Producing too many different topics can affect the quality of compression, because you can't compress well across topics. In that case, you might need some application changes so that you can batch more aggressively per destination topic, rather than relying on Kafka to just do the right thing. An advanced tactic would be to check the bytes-per-topic metrics from the producer, so you should only consider doing so after benchmarking and making sure other adjustments are not helping.

Wrap-Up

The configurations and metrics to tweak on the producer to get high throughput are summarized in Table 1. At this point, you should have all the tools you need to scale up your client instances. You know the most important optimization switches, some guidelines for adjusting garbage collection, and the nice round robin trick for balancing consumer groups when the consumers encounter differently partitioned topics. For slow producers, apply standard optimizations for compression and idle time or dive into the depths of the producer configuration to find out what really happens to entries and stacks.

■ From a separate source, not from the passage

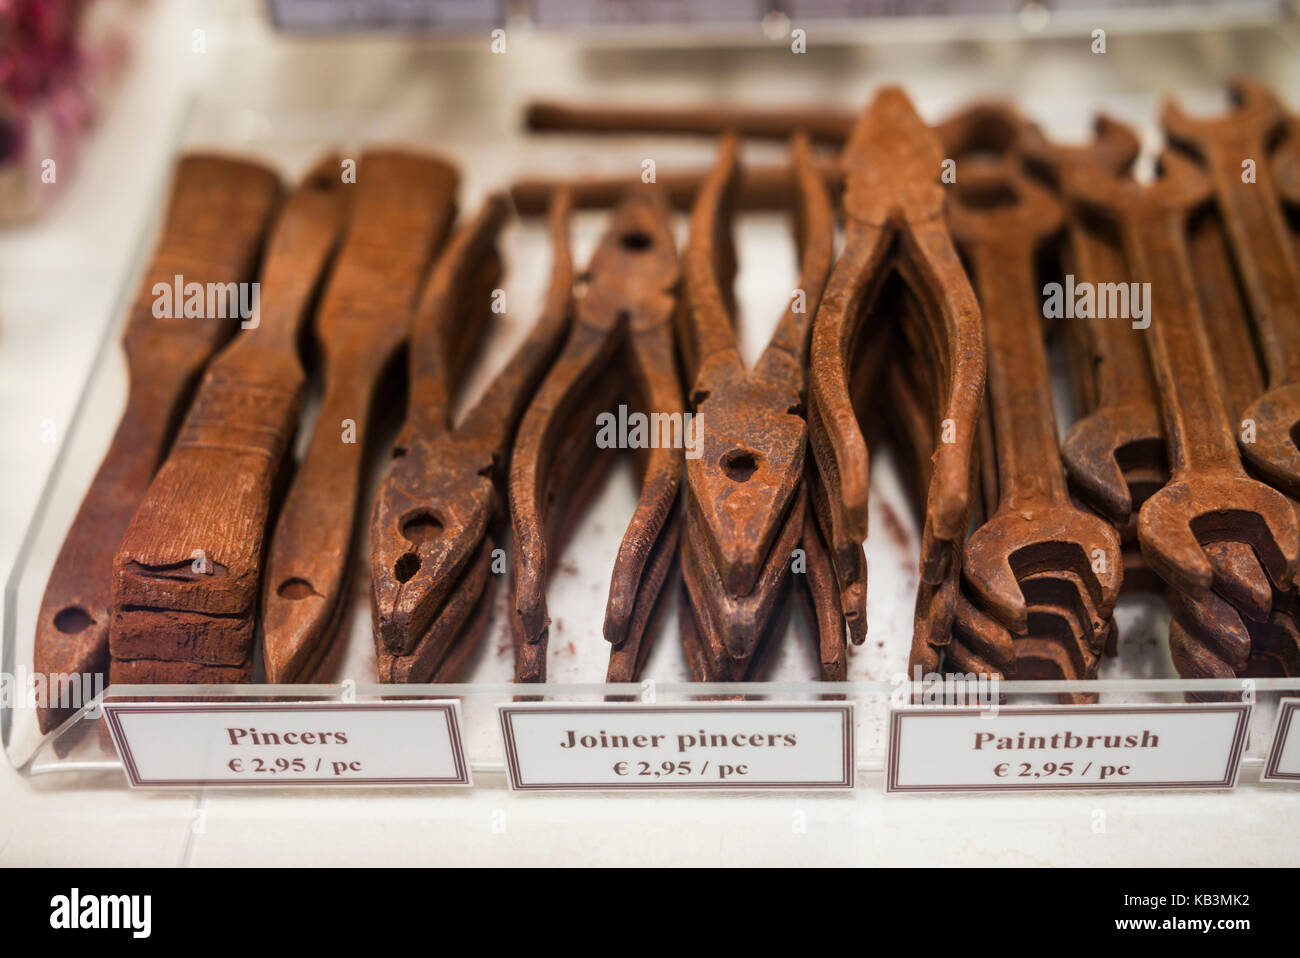 Belgique, bruges, boutique de chocolats belges, chocolat outils Photo Stock  - Alamy

Tabelle 1: Producer Tuning Summary

Config/Metric	Comment
`compression.type`	Test on your data.
`linger.ms`	Check the average time a batch waits in the send buffer (how long it takes to fill a batch) with `record-queue-time-avg`.
`batch.size`	Determine records per batch, bytes per batch (`batch-size-avg`, `batch-size-max`), and records per topic per second (`record-send-rate`) and check your bytes per topic.
`max.request.size`	Limit the number and size of batches (`record-size-max`).
Time spent waiting for I/O	Are you really waiting (`io-wait-ratio`)?
`buffer.memory` + queued requests	32MB default (roughly total memory by producer) allocated to buffer records for sending (see `buffer-available-bytes`).

The tips in this article should give you a bit more guidance beyond the raw documentation in the Kafka manual for how to go about removing bottlenecks and getting the performance out of all parts of your streaming data pipelines that you know you should be getting.